19 aralık 2017
Ellerimle sayfaları çevirdim.
Bir dergi okuyordum,modellerin olduğu. Aslında hayalim bir manken,model falan olmaktı. Kim bilir belki de gelecekte ünlü bir manken olurdum?Kitapevinde'ki insanlara göz gezdirdim. Bazıları kremit rengi koltukta yayılarak kitap okuyor bazıları ise sandalyelerde ders çalışıyorlardı. Bende kitapevinin ortasında kocaman olan ağaca yaslanıyordum. Evet kitapevinin tam ortasında koca bir ağaç vardı.
Cepimde ki telefon titrediğinde onu elime aldım.Smile Hoya
'Taehyung ile evdeyiz. Sende gel.'
Bu buradan kalkmam için yeterli sebebti. Kitap,dergi okumayı severdim ama bazı zamanlar beni cidden bayardı.
Ayağa kalktım ve ağaca yaslandığım için üstümde olan tozları silkeledim.
Çıkışa doğru dik bir şekilde ilerledim.
Kitabevinden çıkış yaptığımda telefonum tekrar titredi.
××× ××× ×× ××
'Gelirken cibs al şu ketçaplılardan.'
Hım? Telefonuma kayıtlı olmayan bir numara bana cibs almamı söylüyordu hemde gelirken.

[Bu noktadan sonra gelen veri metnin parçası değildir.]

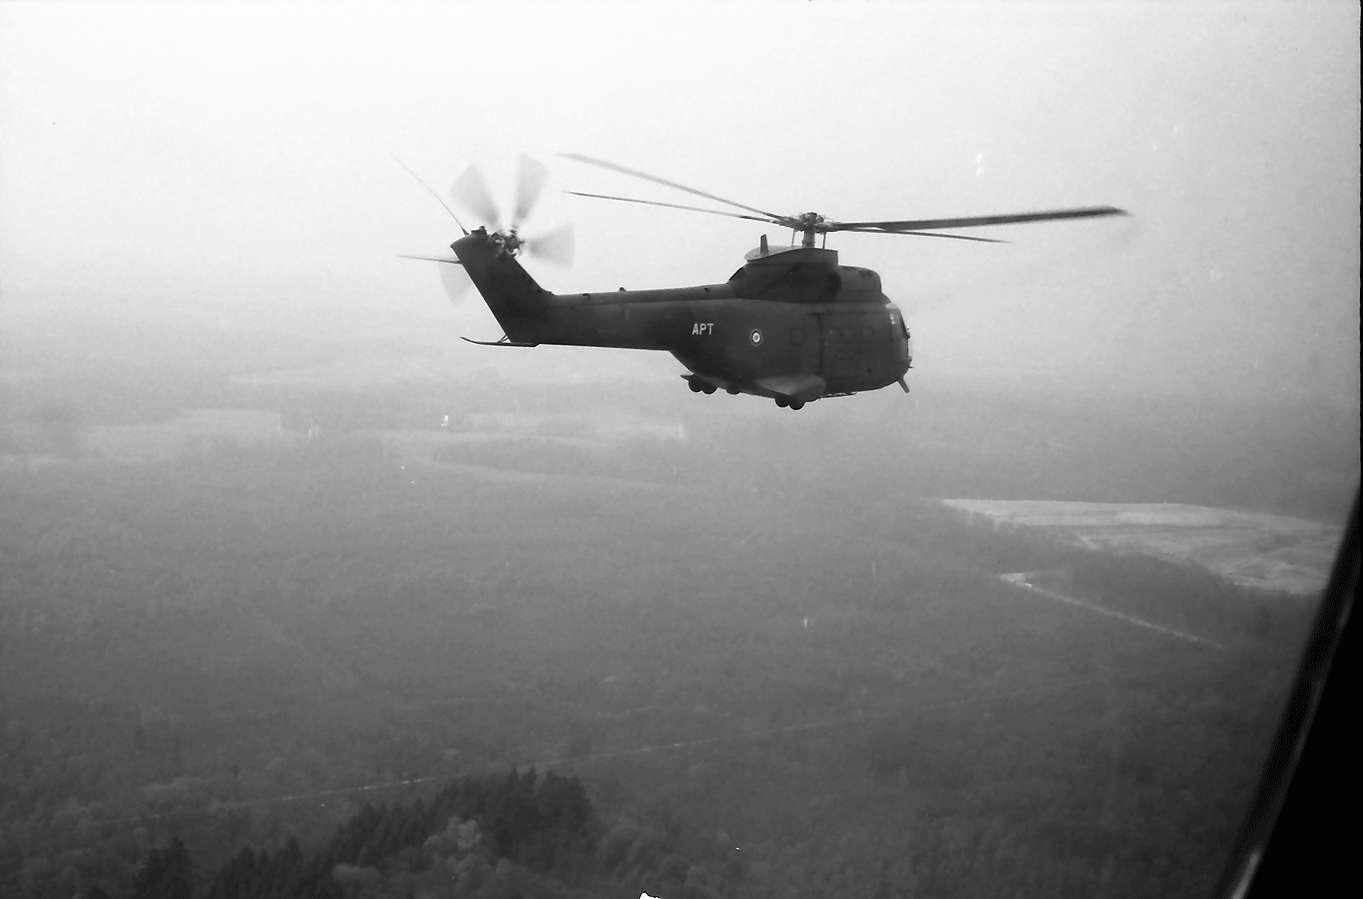 Ebringen: Schönberg; vom Hubschrauber, in der Luft, Bild 1

'Kimsiniz ve neden cibs alıyorum?'
Gönder tuşuna bastıktan sonra çok geçmeden cevap geldi.××× ××× ×× ××
Namjoon.
Taehyung'un arkadaşıydı değil mi?
O pastaneden sonra onu bir kaç zaman daha görmüştüm ama son 1 aydır görmüyordum ki onu gördüğüm zamanlarda çok tekin yerlerde gördüğüm söylenemezdi.
Daha çok gay barlarda takılıyordu ve oradan en az bir erkekle çıkıyordu. Yanında 3 erkek bile-müstehcen bir şekilde- gördüğüm zamanlar olmuştu.
O yüzden onunla çok takılmamaya karar vermiştim. Çokta bir gereği yoktu?Ben bunları düşünürken zaten evime yakın olan kitapevinden, evime geldiğimi fark ettim fakat geri döndüm. Namjoon'un kutsal ketçaplı cibslerini almaya! O gezdiği erkekler alsındı ona.
Evime yakın olan 7/24 açık olan süper marketlere girdim ve direkt olarak abur-cubur reyonuna ilerledim.
Ruffles'in ketçaplılarından iki paket aldım ve ayrıca -kendime- Lays'in sade olanından üç tane aldım.Telefonumu açıp Hoseok'u aradım.
Bir iki çalıştan sonra açtı. "Efendim hyung?"
"Marketteyim istediğiniz bir şey var mı diyecektim?"
"Ah, dur sorayım." Arkadan Taehyung'a sormuştu. "Im, yok istemiyormuş bir şey."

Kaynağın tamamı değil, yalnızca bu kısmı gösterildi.